I get over 50 DNA matches to the Lejeune name and Nova Scotia many leading back to Germain LeJeune (son of Pierre Lejeune dit Briard) born in Port Royal or Pisiguit, Acadia (inland from Halifax, see map below).

Acadian Genealogy Homepage; Definitions of Common Acadian Terms. |  Genealogy map, Genealogy, Canadian history
https://www.acadian.org/

The Picot family of Bareneed (home of my Newell ancestors) may also be related to the John Picot (1820-1860) who lived and died at Sandy Point, Newfoundland, and married Amelia Amy Haynes (1822-1875) from Somerset, was almost certainly a Jersey emigrant. John and Amelia had six children between 1848 and 1860.

Placentia, Newfoundland

Channel Islanders may have also played a part in linking Placentia and Acadia. In the 18th century there were also a large number of settlers from the Channel Islands, at Placentia from which , Jerseyside, a prominent section of the town, derives its name (Wiki).  In a study of the “Anglo-Normans” [Channel Islanders] the author, Frenette, states that: from their base in Newfoundland, the Anglo-Normans moved quickly into the Gulf of St. Lawrence following Canada’s final cession to the English in 1763, taking advantage of their knowledge of French to form alliances with the Acadians.

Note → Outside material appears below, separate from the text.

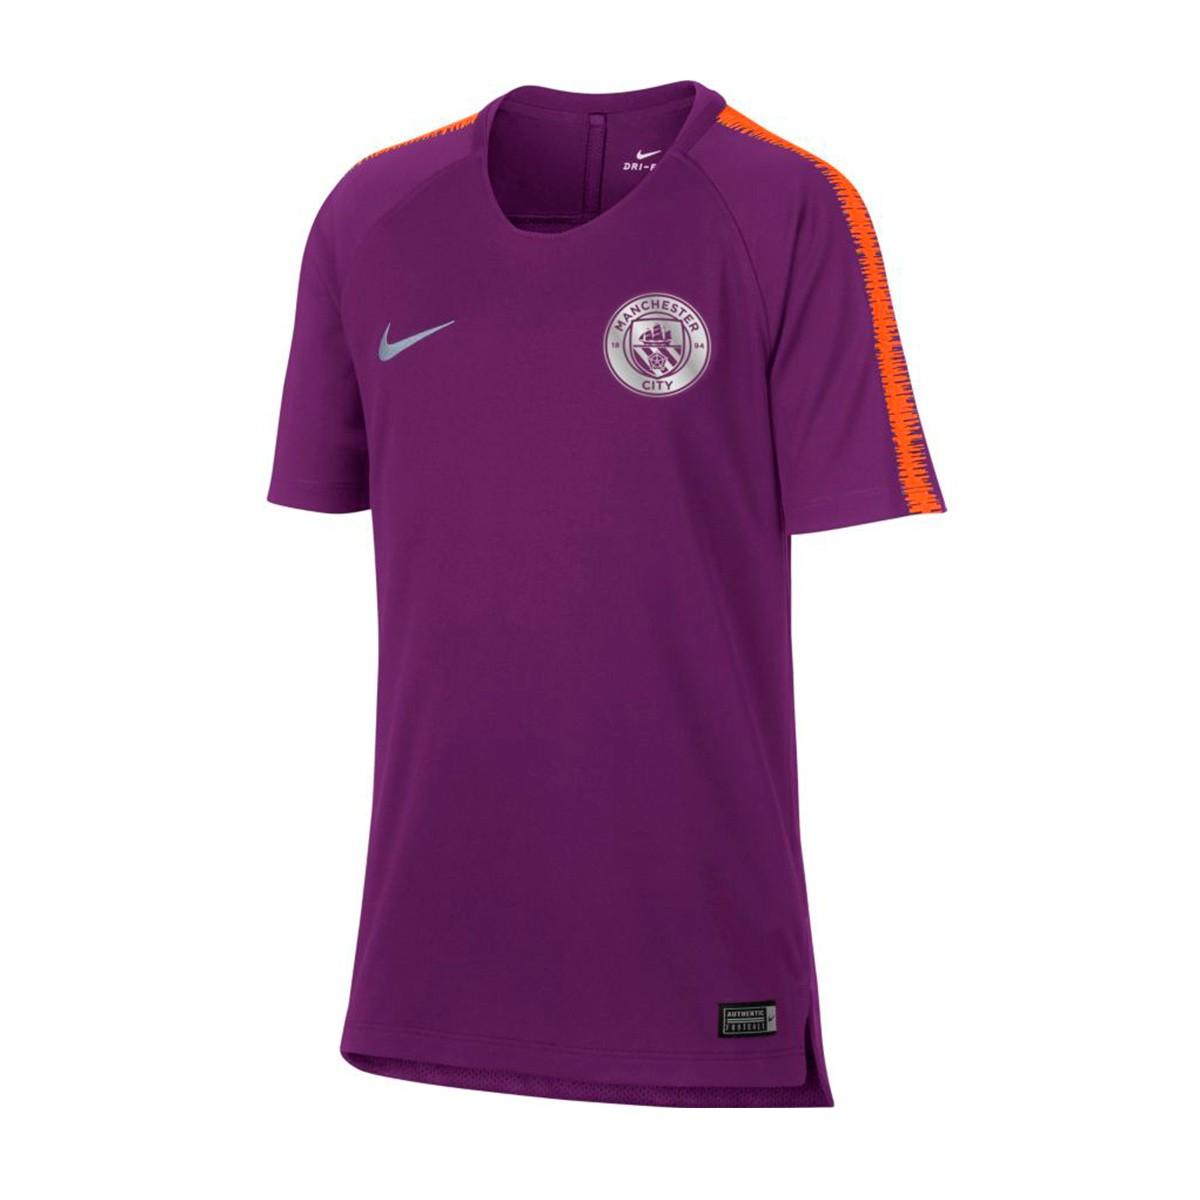 Jersey Nike Kids Manchester City FC Squad 2018-2019 Night purple ... 338258c1f

In my discussion of Ancestry DNA links to Newfoundland I researched the family of William Freeman of Newfoundland. One possible branch of this family, the Freeman family of Placentia, Newfoundland, may be a link between the New England settlers, the Acadians and Newfoundland.

Placentia, Newfoundland was first settled by Basque and French fishermen in the 16th century but in 1711, a British fleet almost annihilated the French at Placentia. In 1713 the French abandoned their Placentia Bay settlements and migrate to LouisbourgCape BretonNova Scotia and Placentia became a British possession. Many of the French fishermen who had to abandon the fisheries in Placentia ended up at the fisheries in Isle Royale, otherwise known as Cape Breton Island (see Wiki).

In my research on William Freeman (see earlier discussion) I mapped out some key events related to the Freeman name including:

  • 1726 a Nat Freeman; Capt of Pelican from Rhode Is. was at Ferryland, Newfoundland;
  • May 1727 there is a reference to a “Nath. Freeman” in Colonial Office Records (CO 194/ 8) at Placentia (in the same set of records there is a petition from Merchants of Bideford and Barnstaples [UK] trading to Placentia signed by Richard Newel);
  • 1748 Isaac Freeman; Master Boston Privateer at St. John’s
  • 1757 Moses Freeman received a license for Public House at Placentia and was appointed Constable;
  • 1761 Elisha Freeman, moved his family to Liverpool Nova Scotia from Massachusetts;
  • 1762 Edward Freeman and Joseph Newell from Newfoundland travel to Boston (see earlier discussion);
  • 1766 Moses Freeman protested a tax on liquor at Louisbourg, Nova Scotia;
  • 1768 Moses Freeman was recorded as a resident of Louisbourg.